RECORDS SHOWN:
|---|

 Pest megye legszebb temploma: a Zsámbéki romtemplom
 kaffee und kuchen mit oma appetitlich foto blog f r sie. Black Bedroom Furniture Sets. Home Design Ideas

|---|

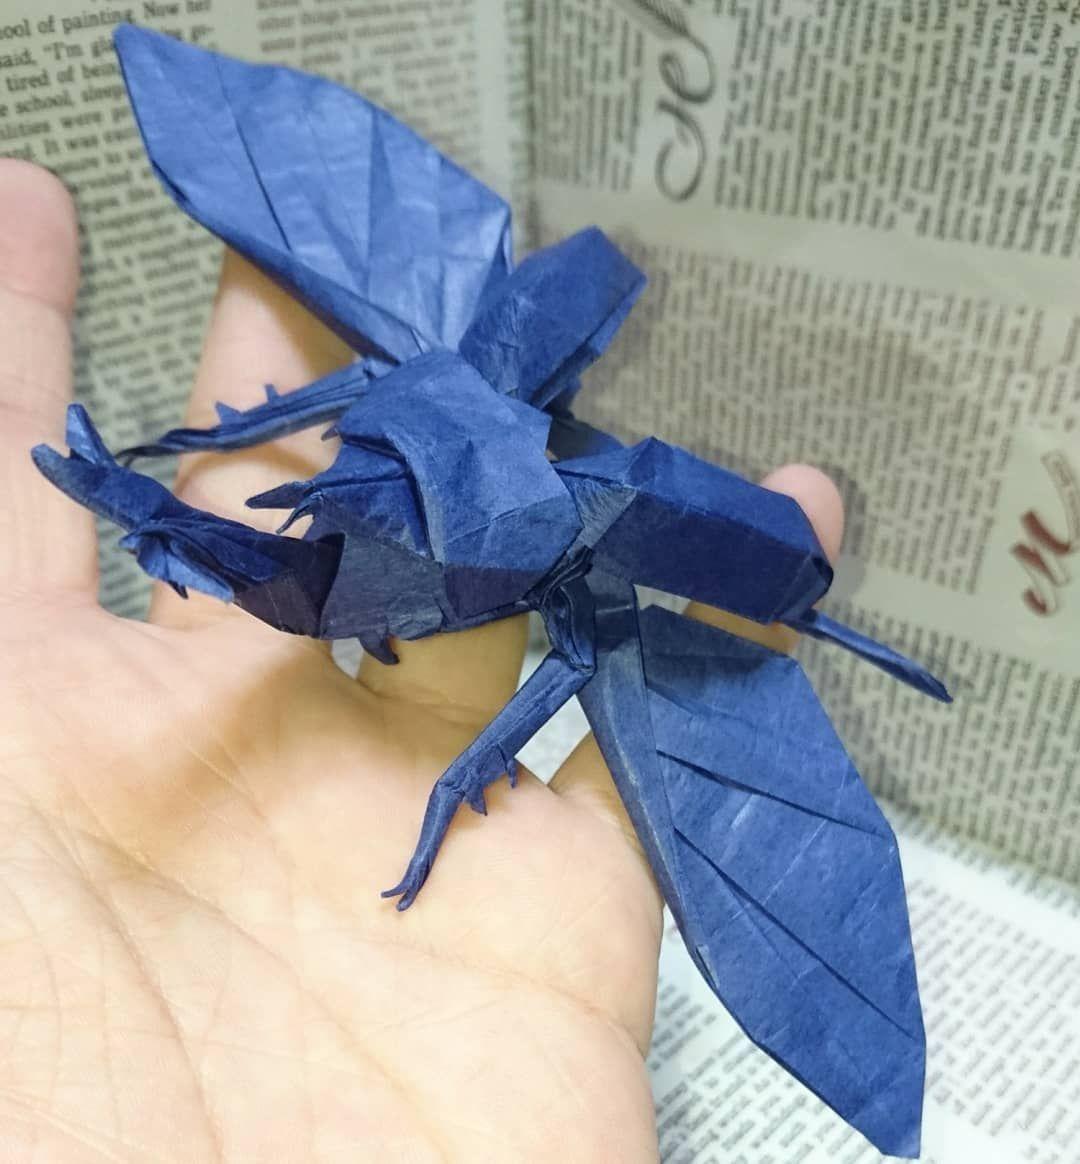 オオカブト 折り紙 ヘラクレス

|---|

EXERCISE AIM:
Please write out, exactly as they appear above, only the lines in the stretch from the line with "Pest megye legszebb" through the line with "kaffee und kuchen".

ANSWER TO THIS EXERCISE:
 Pest megye legszebb temploma: a Zsámbéki romtemplom
 kaffee und kuchen mit oma appetitlich foto blog f r sie. Black Bedroom Furniture Sets. Home Design Ideas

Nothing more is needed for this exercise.